How to Merge SPF Records Without Breaking Email Delivery
You added SendGrid to your stack, pasted in the SPF record they gave you, and now Google Workspace emails are landing in spam. Sound familiar?
The fix is straightforward: merge your SPF records into a single entry. RFC 7208 is unambiguous - multiple SPF records on the same hostname cause receivers to throw a PermError, and your authentication breaks completely. A Cornell University study cited by WP Mail SMTP found that only 56.5% of domains even publish SPF records, and 2.9% of those contain validation errors including duplicate records. You don't want to be in that 2.9%.
The Quick Version
Check whether you actually have duplicate SPF records on the same hostname - most people don't. If you do, combine all include:, ip4:, and other mechanisms into a single v=spf1 ... ~all TXT record. Then validate with MXToolbox and confirm you're under 10 DNS lookups. Full merge steps below.

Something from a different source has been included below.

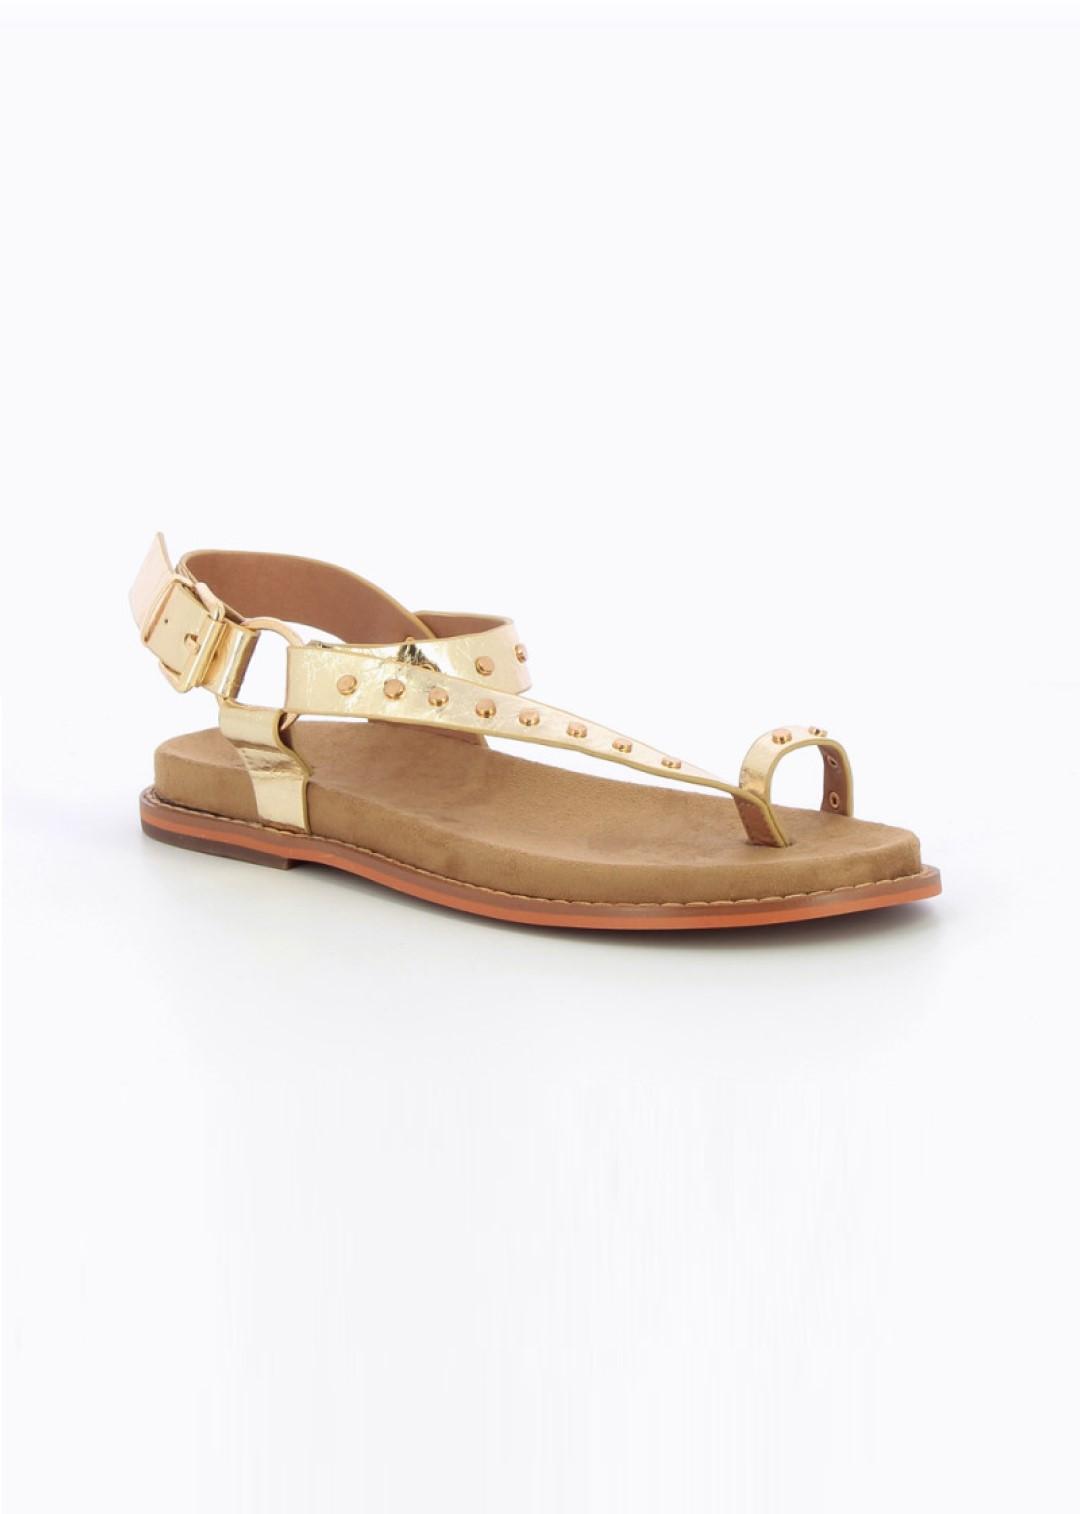 Sandales Or à clous
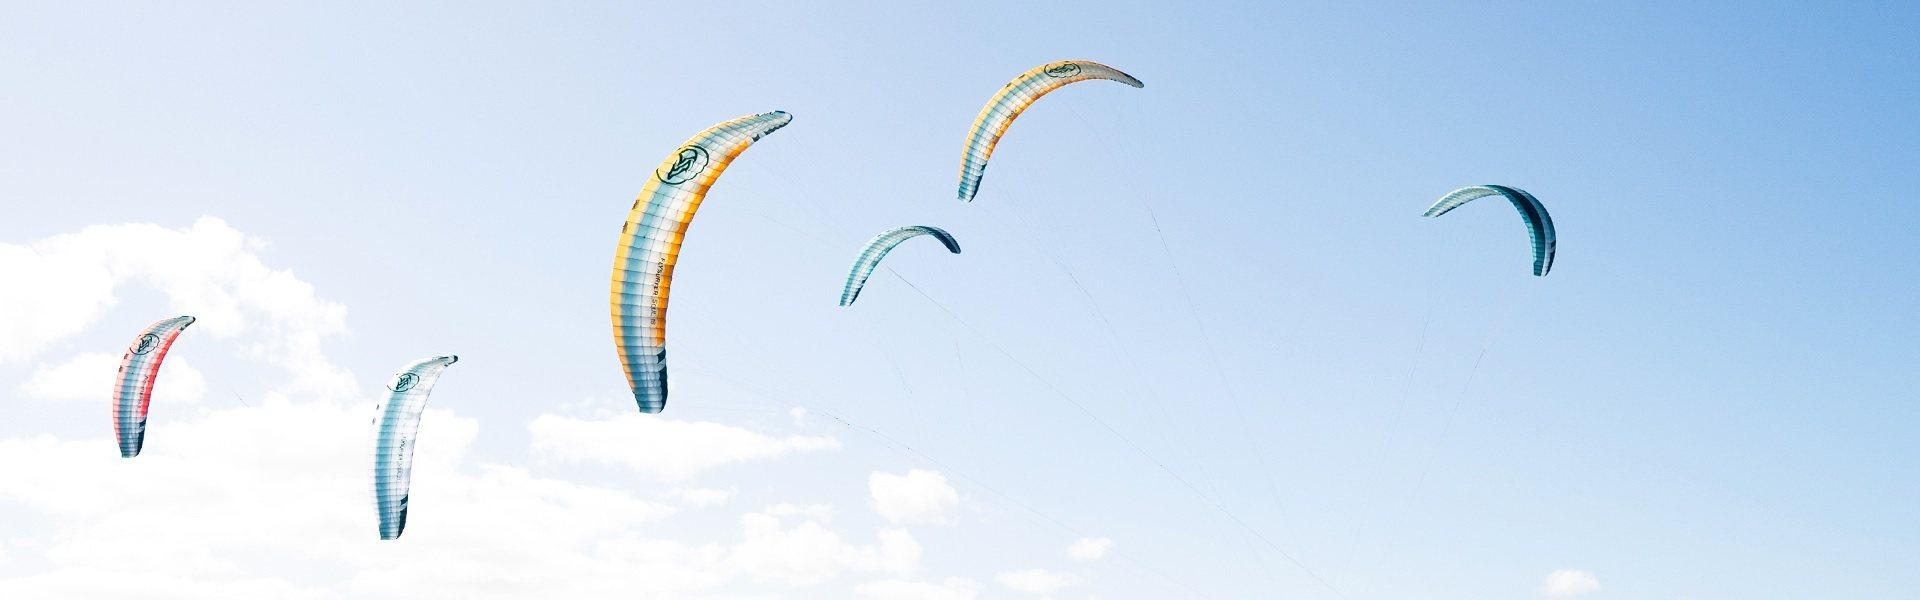 Flysurfer Soul2

Do You Actually Have Duplicates?
Before you touch DNS, diagnose the actual problem. Three scenarios get mistaken for "duplicate SPF records" constantly, and we've seen teams waste hours fixing something that wasn't broken.

Subdomain vs. root confusion. You see two SPF records in your zone file, but one is on @ (your root domain) and the other is on a hostname like gsuite or mail. SPF is evaluated per hostname - these aren't duplicates. A thread on r/DMARC shows exactly this pattern: someone inherited v=spf1 include:_spf.google.com -all on both @ and gsuite. No merge needed.
Include-chain delegation mistaken for duplicates. Your root record says v=spf1 include:dc-abc123._spfm.yourdomain.com ~all, and there's a separate TXT record on dc-abc123._spfm containing v=spf1 include:_spf.google.com ~all. That's normal delegation - the root includes a subdomain, which includes Google. It's a single evaluated policy chain, not two competing records.
Stale records on non-sending subdomains. An r/sysadmin user found 6 SPF records across hostnames including test subdomains. If those subdomains don't send mail, the records are harmless clutter. Clean them up for hygiene, but they aren't causing your deliverability problem.
If after checking you find two v=spf1 TXT records on the same hostname, keep reading.
SPF Syntax Quick Reference
| Mechanism | What It Does | Counts Toward 10-Lookup Limit? |
|---|---|---|
include |
Checks another domain's SPF | Yes |
a |
Matches domain's A record | Yes |
mx |
Matches domain's MX hosts | Yes |
ip4 |
Matches an IPv4 address/range | No |
ip6 |
Matches an IPv6 address/range | No |
exists |
DNS existence check | Yes |
ptr |
Reverse DNS (deprecated) | Yes |
redirect= |
Replaces policy with target | Yes |
exp= |
Explanation string for fails | Yes |
all |
Catch-all at end of record | No |
Qualifiers modify any mechanism: + (pass, default), - (fail), ~ (softfail), ? (neutral). You'll almost always see them on all - as in ~all or -all.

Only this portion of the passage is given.